**Source material**
++++

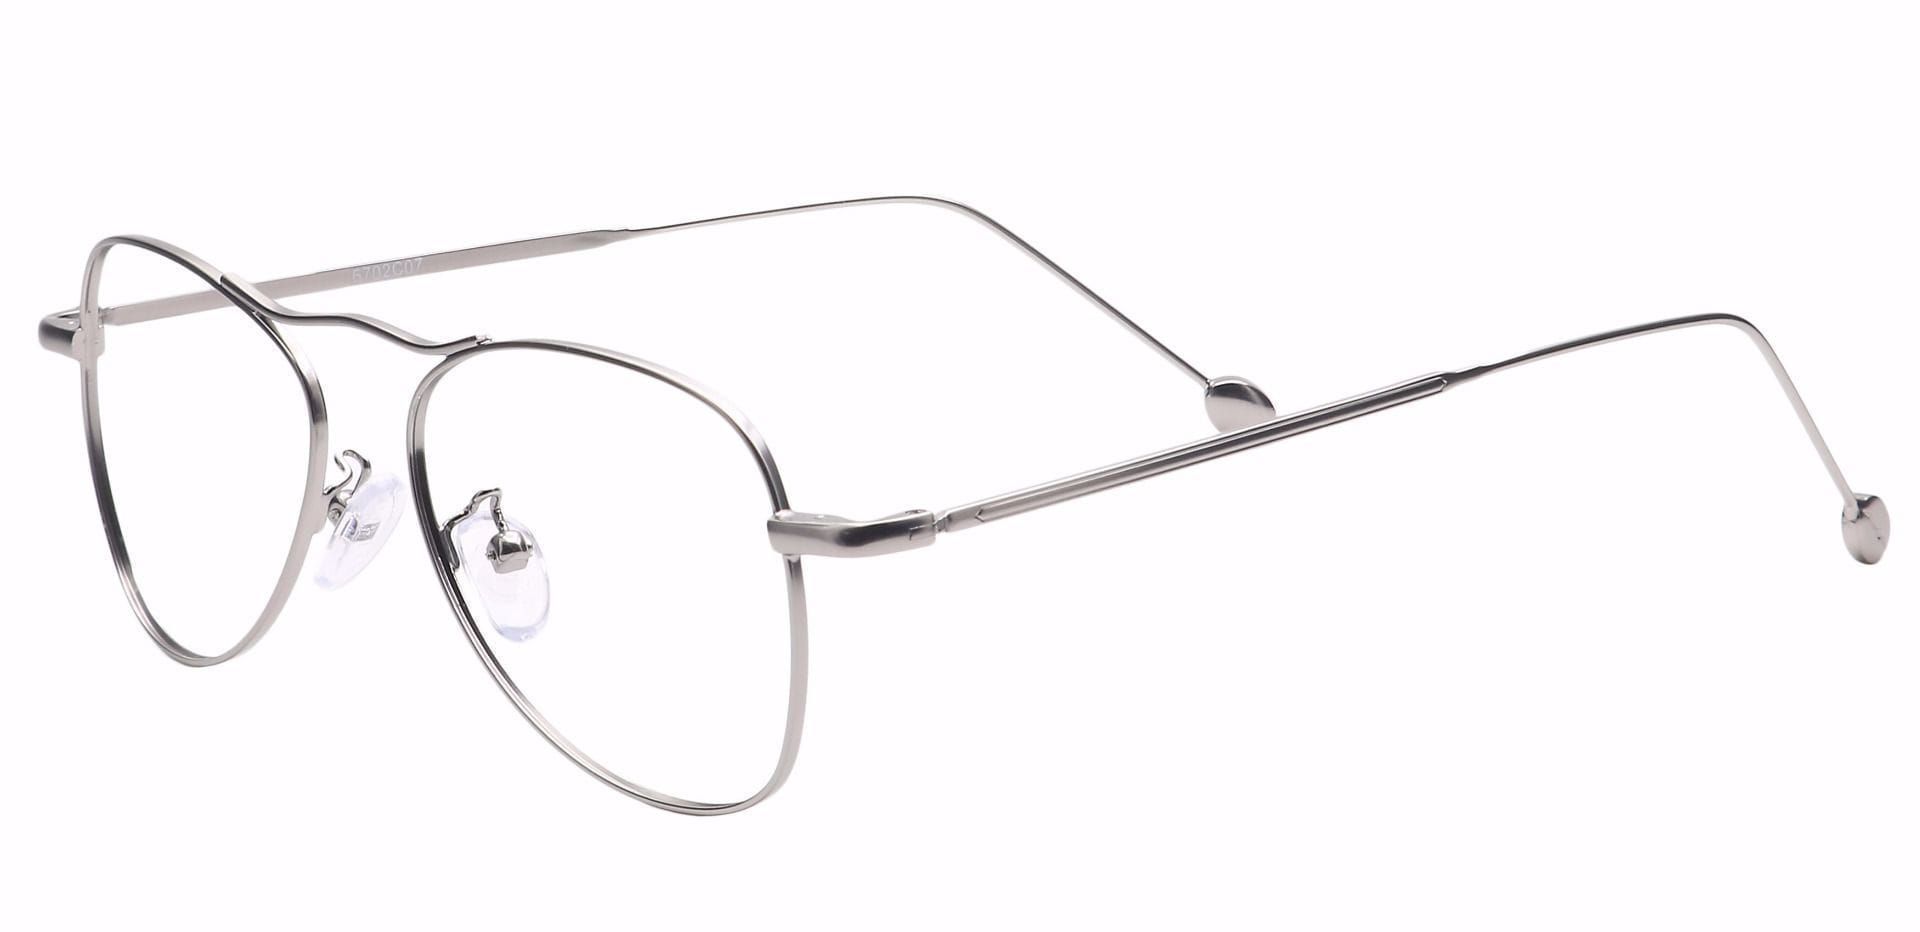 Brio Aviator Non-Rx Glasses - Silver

++++

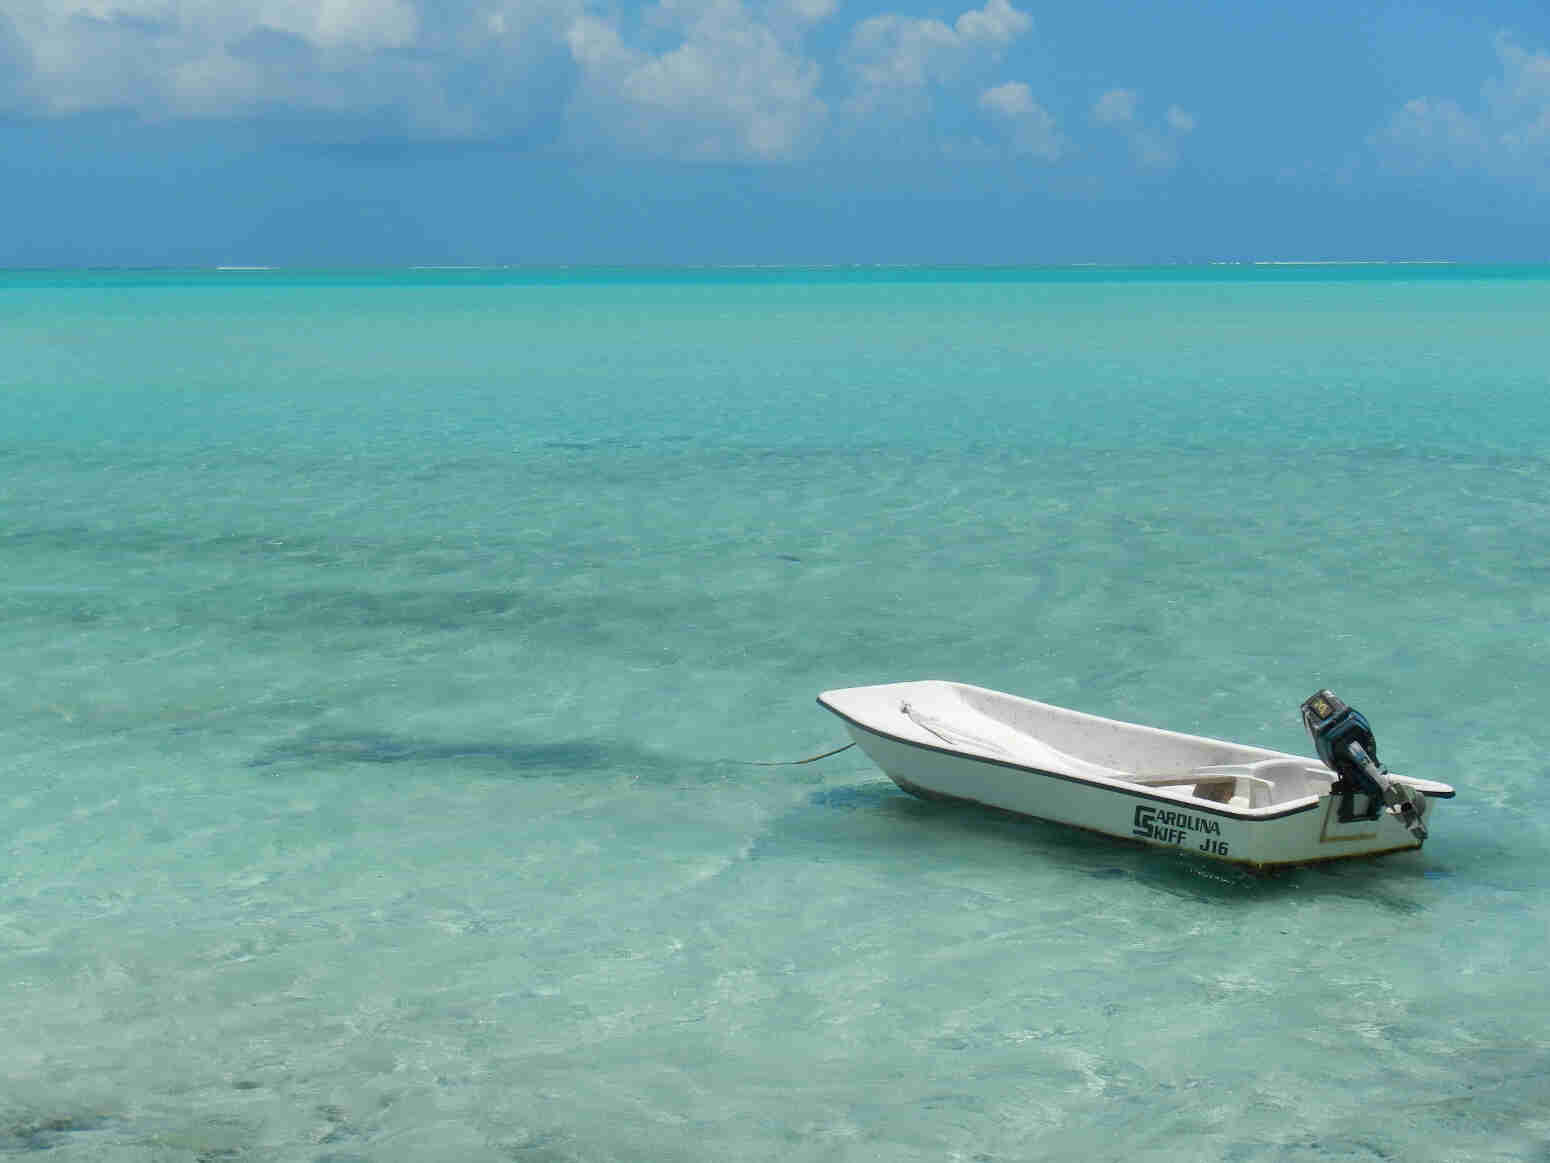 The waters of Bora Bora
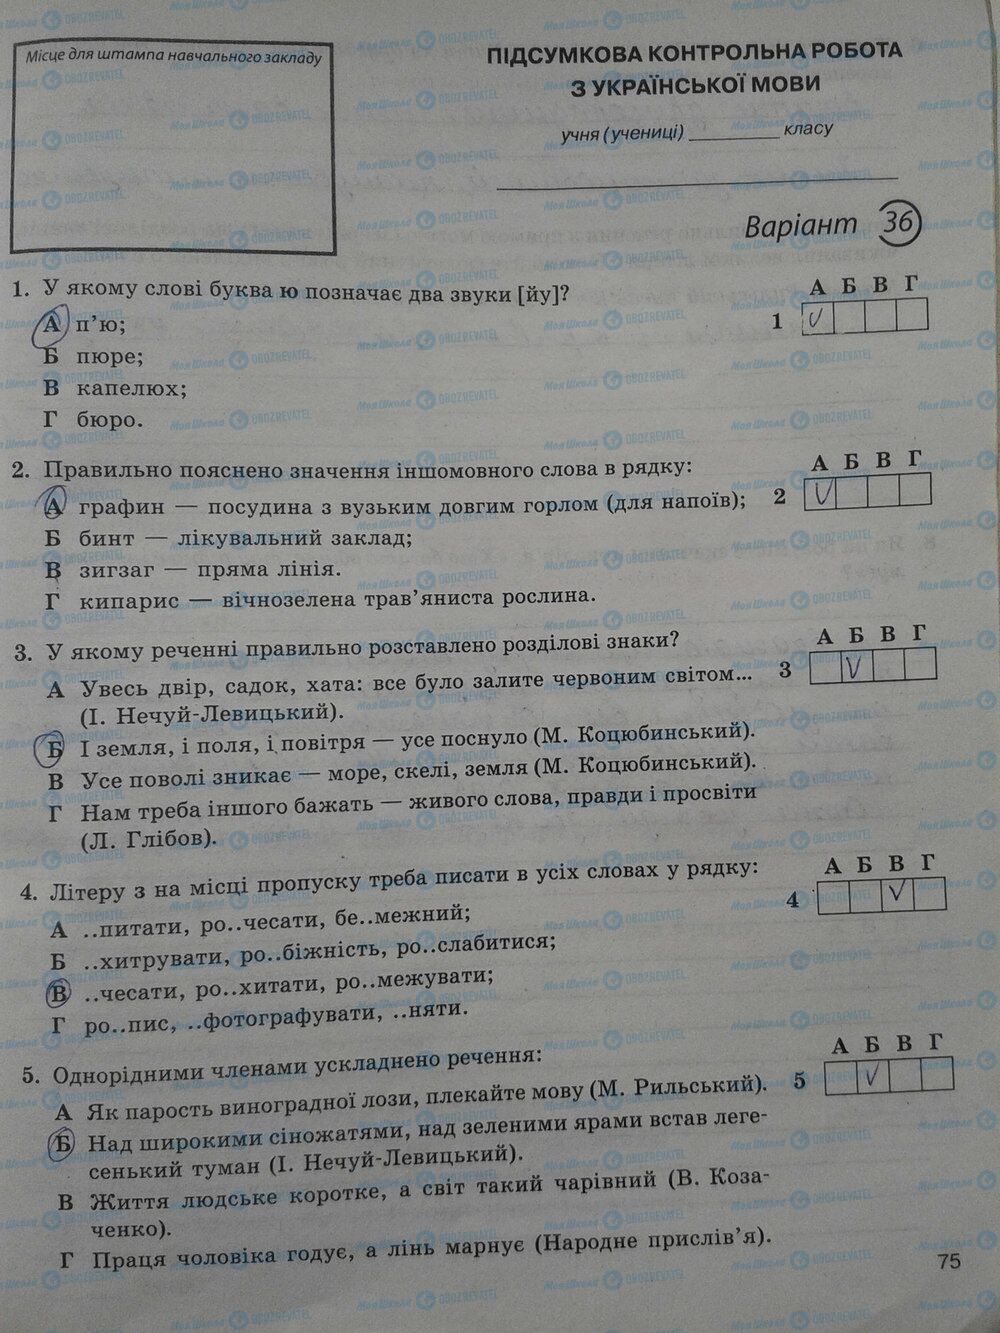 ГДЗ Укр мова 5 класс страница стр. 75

++++

**What this task involves**
Where a picture appears in the records above, omit it, and transcribe exactly the stretch of lines from the one with "The waters of Bora Bora" through the one with "ГДЗ Укр мова 5 класс страница стр. 75".

**Problem solution**
 The waters of Bora Bora
 ГДЗ Укр мова 5 класс страница стр. 75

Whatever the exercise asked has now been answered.